Co-op survival game Necesse is like Terraria but top-down with an "infinite" world – it just left early access and flew up the Steam charts with Palworld's blessing: "Absolute banger"

Nearly 16,000 93% positive Steam reviews later, co-op survival crafting game Necesse has reached the hallowed land of version 1.0.
Originally released in Steam early access all the way back in December 2019, Necesse combines procedural world generation, top-down action and boss fights, base building, and a robust settlement system to create a sandbox of gathering, crafting, and adventuring that you can play alone or with friends on servers that can hold hundreds of players.
Necesse has drawn reasonable comparisons to Terraria for its overall style and its love of dungeons, but its perspective, progression, and NPC systems are meaningfully distinct. It's also packing an "infinite seamless world," enabling even greater wanderlust.
"To celebrate the launch, we are running a 50% discount on Necesse on Steam," developer and self-publisher Fair Games ApS announced. The game is $7.49 through October 30, or even cheaper if you buy it bundled with another survival game.
As it happens, Steam just rolled out a new feature that makes bundles more visible.
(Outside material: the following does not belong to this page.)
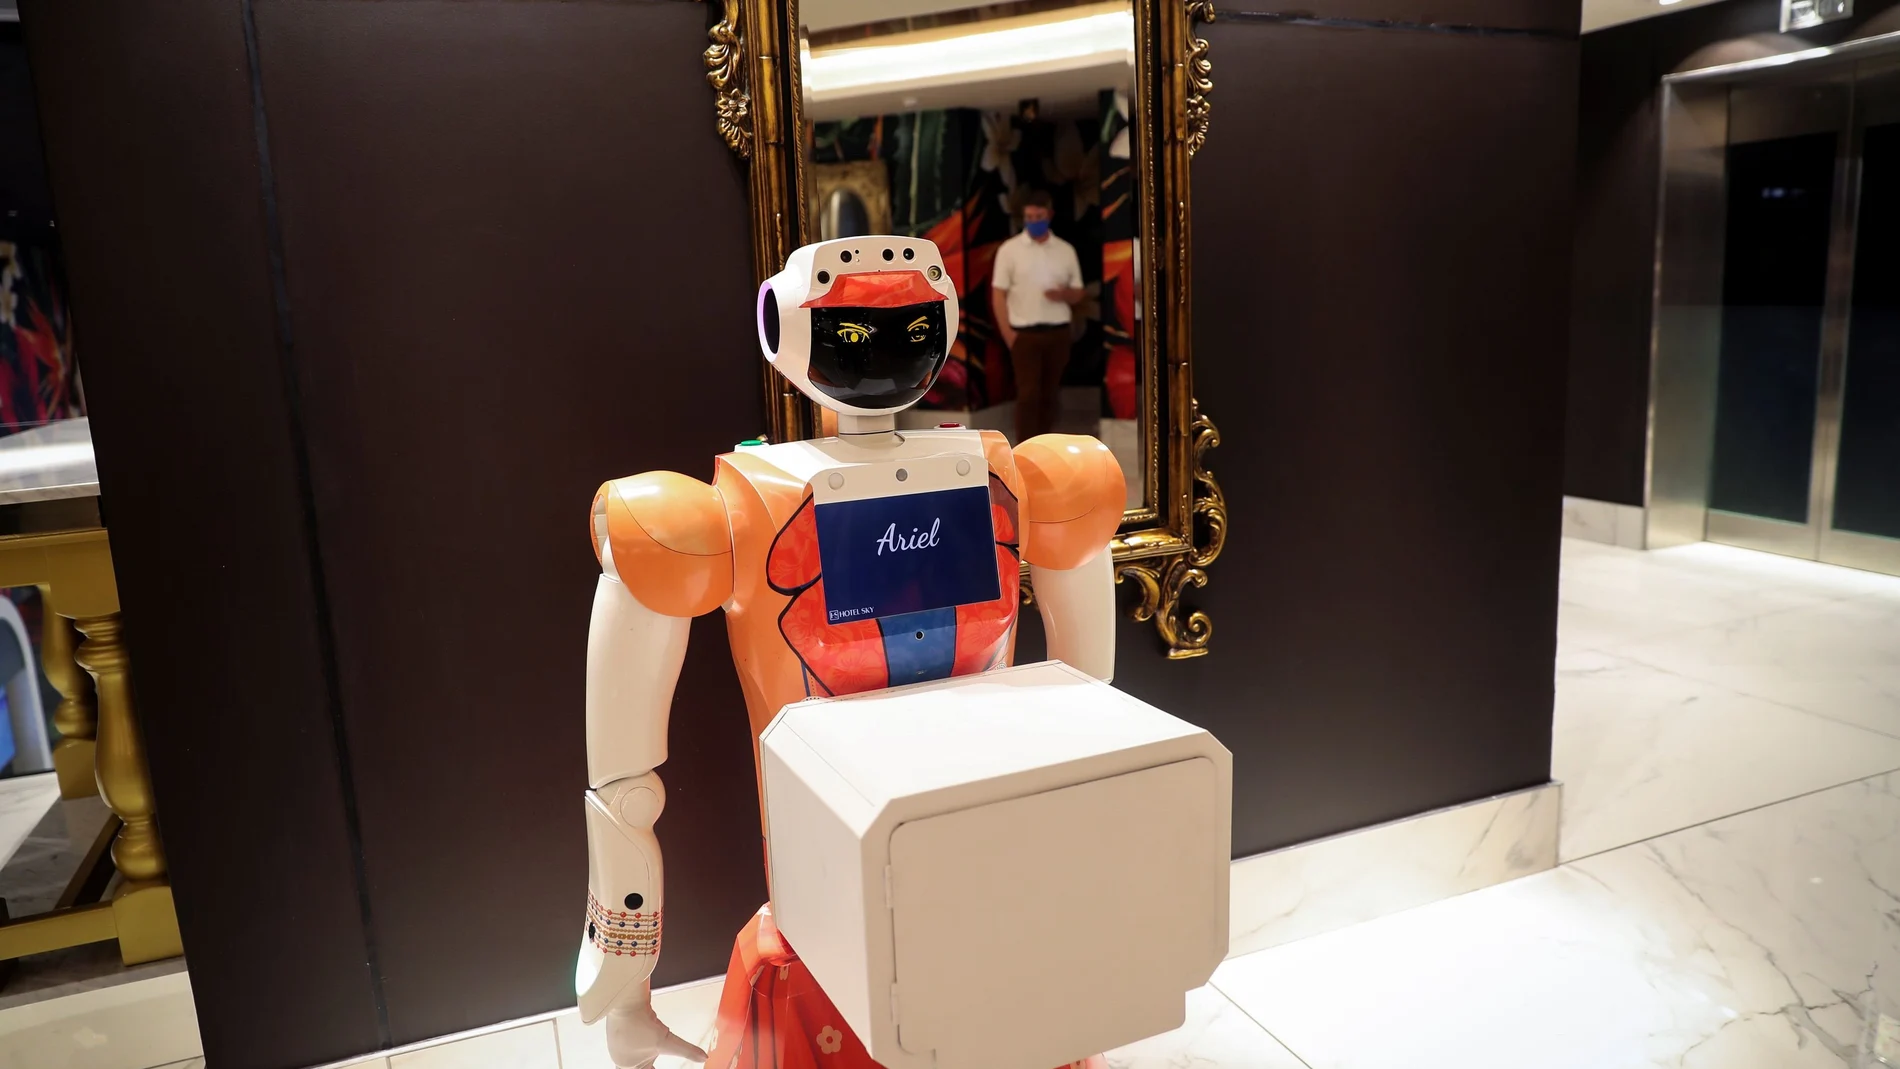 La nomenklatura tecnológica china cree que en un futuro los humanos serán remplazados por robots

Necesse has paired with Palworld, Core Keeper, Deep Rock Galactic: Survivor, Tinker Lands, and Guntouchables in discrete bundles. I already own Palworld, so I can just buy that bundle to get Necesse for $6.74. That's the sale that's not on sale, baby.
Communications director John "Bucky" Buckley of Palworld developer Pocketpair was out championing the full release of Necesse earlier this week. "Absolute banger," he wrote. "Lots of depth to the game, super fun to play solo or co-op and the village building aspect is insanely addictive."
The 1.0 launch has clearly had an effect. According to Steam's top sellers ranking, Necesse has flown up to 17th place, just behind roguelike breakout Megabonk.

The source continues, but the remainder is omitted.